What emotion were you actually feeling?
Disappointment.
Looked over.
Unsure whether it is worth trying to be heard. Why even try?
Sadness (I tried my best and still didn’t meet expectations)
Pride. **Don’t you know who I am?
This last one is funny, I guess. It’s the gist I boiled down from a longer rant about being taken for someone only capable of, or not even capable of, such a job. I realized how much I wish to be seen in a totality rather than as a body performing tasks. When I feel reduced in such a moment, especially by someone I’ve worked with a while, I’m especially sensitive and prone to catastrophizing.

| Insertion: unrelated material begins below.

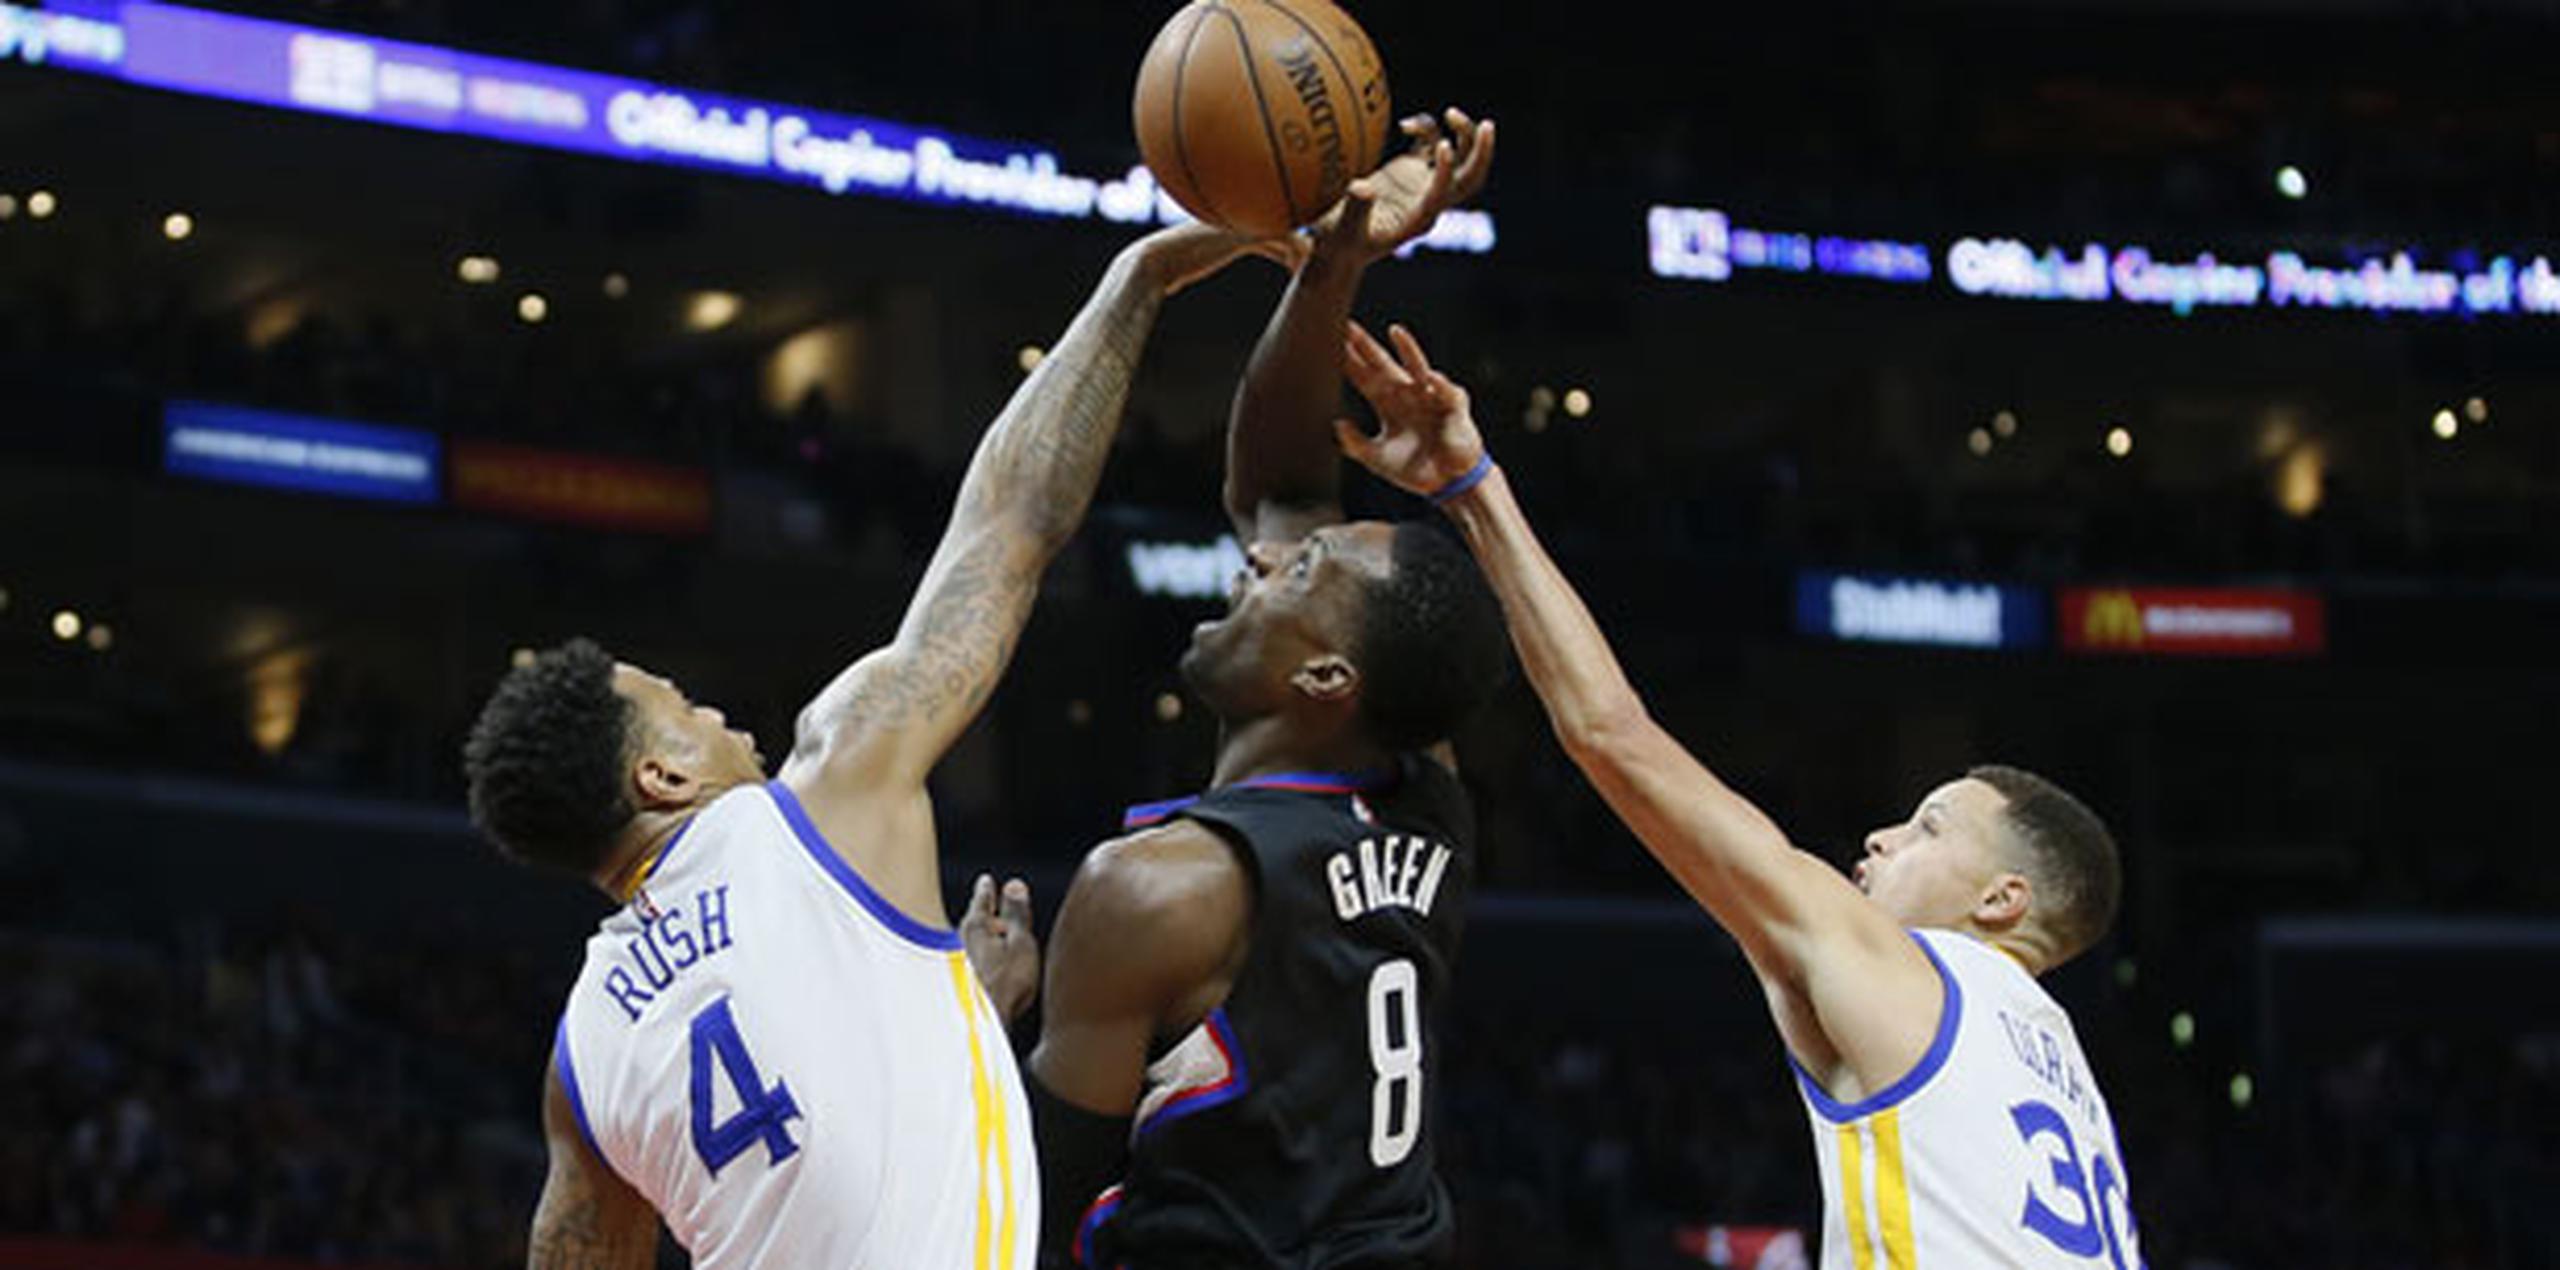 Por los Warriors, Kyle Thompson terminó con 32 puntos y Stephen Curry con 22, mientras que Draymond Green tuvo su undécimo triple doble de la temporada, con 18 puntos, 11 rebotes y 10 asistencias. (AP Photo/Danny Moloshok)
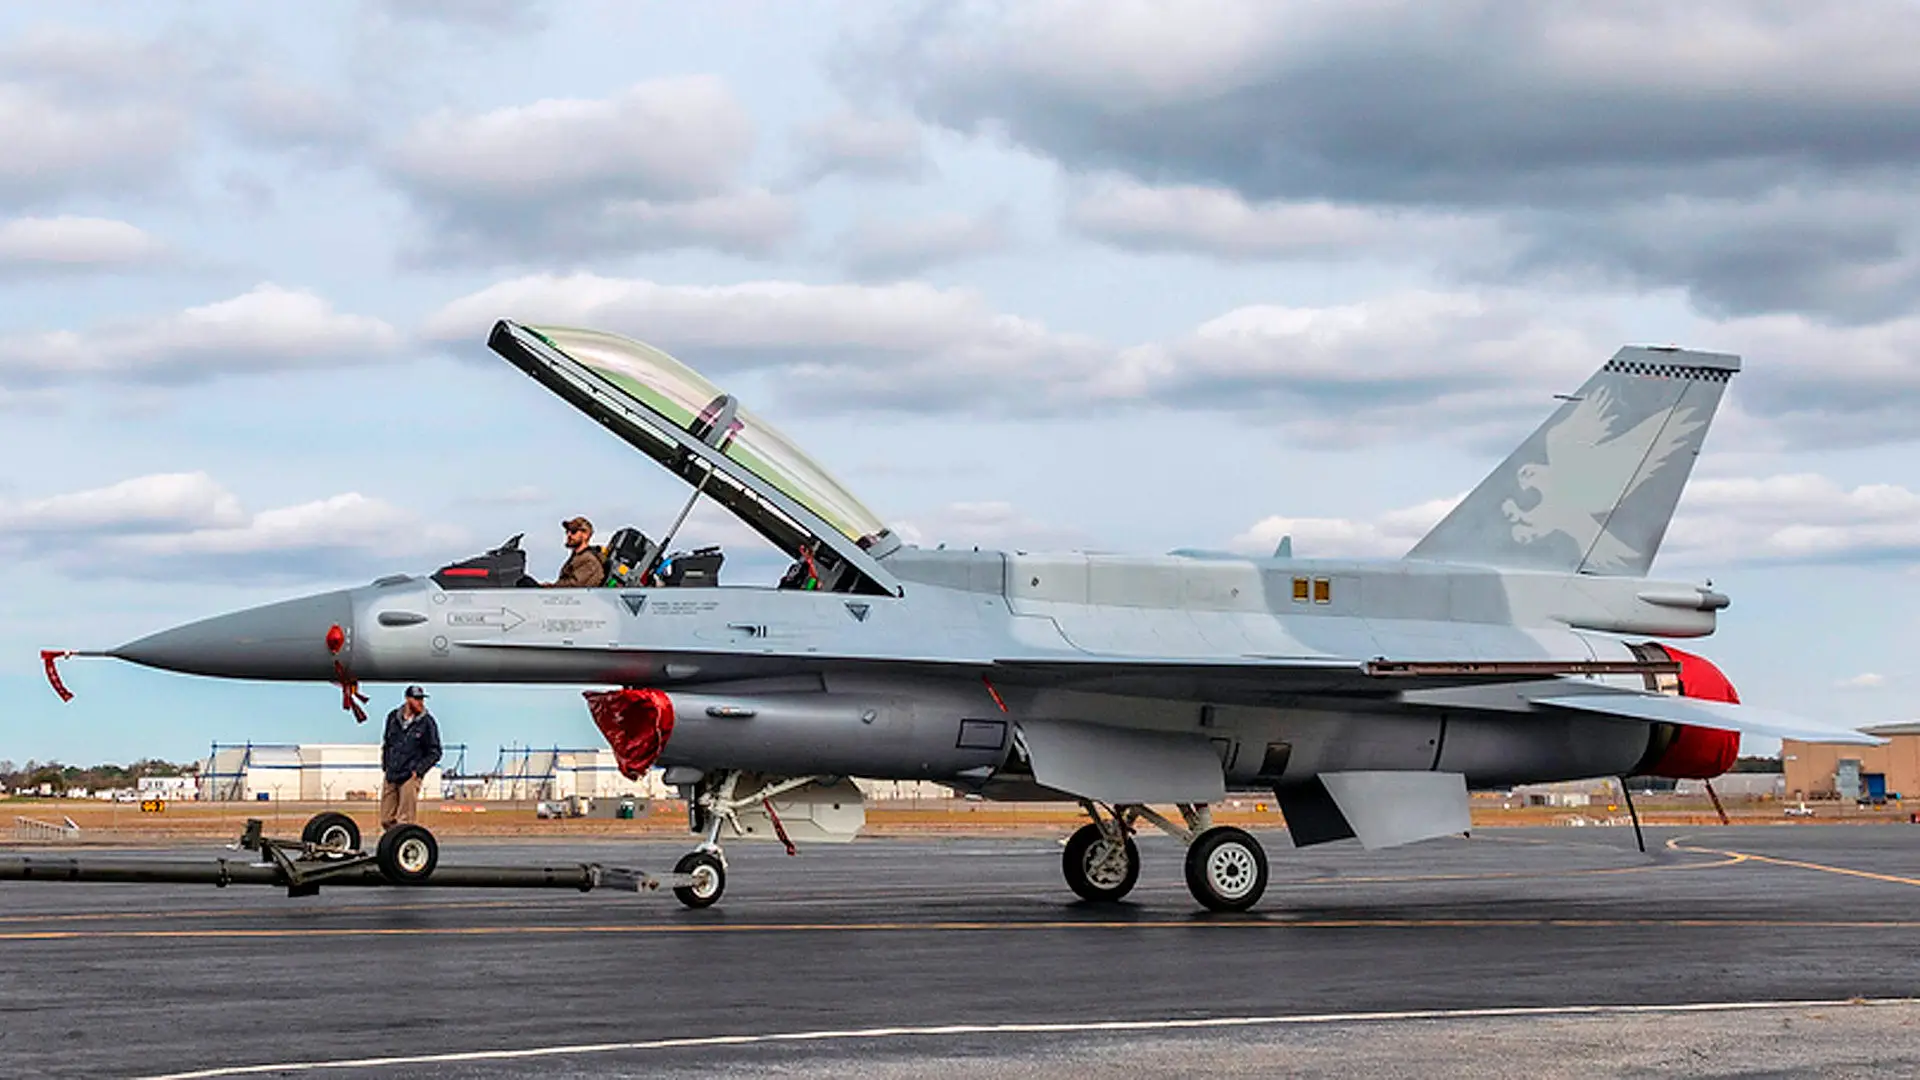 Northrop Grumman otrzymał 28,66 mln dolarów na rozwój radaru AN/APG-83 (SABR) dla F-16, który może jednocześnie śledzić 35 celów i zwiększyć zasięg wykrywania do 150 km

If everything isn’t perfect, I jump to, “Oh no, I have to leave!”
Why is the discomfort so strong (disproportionate)?
Fear.
I fear this isn’t the right place for me.
Simultaneously, I fear that this IS the right place for me, and I’ll leave prematurely just before things get better. It’s always so close to ‘getting it (life) right’.
There’s more, but you get the idea.
Hidden in the bundle also arose spiritual perfectionism. Looking at the attachment I feel to my role, not just as a ‘good designer’, I see myself taking being an excellent worker and colleague to be a fractal of mattering to/in the world on the whole. I get through my day by seeing what I’m doing as more than what it seems to be a lot of the time.

Perhaps I’m not holding my roles very lightly.
“For Hongzhi the whole purpose of practice is to “graciously share
yourself with the hundred grass tips [i.e., myriad beings] in the
busy marketplace.””
-from “Cultivating the Empty Field: The Silent Illumination of Zen Master Hongzhi” by Taigen Dan Leighton, Yi Wu
“Looking back, I guess I used to play-act all the time. For one thing,
it meant I could live in a more interesting world than the one around me.”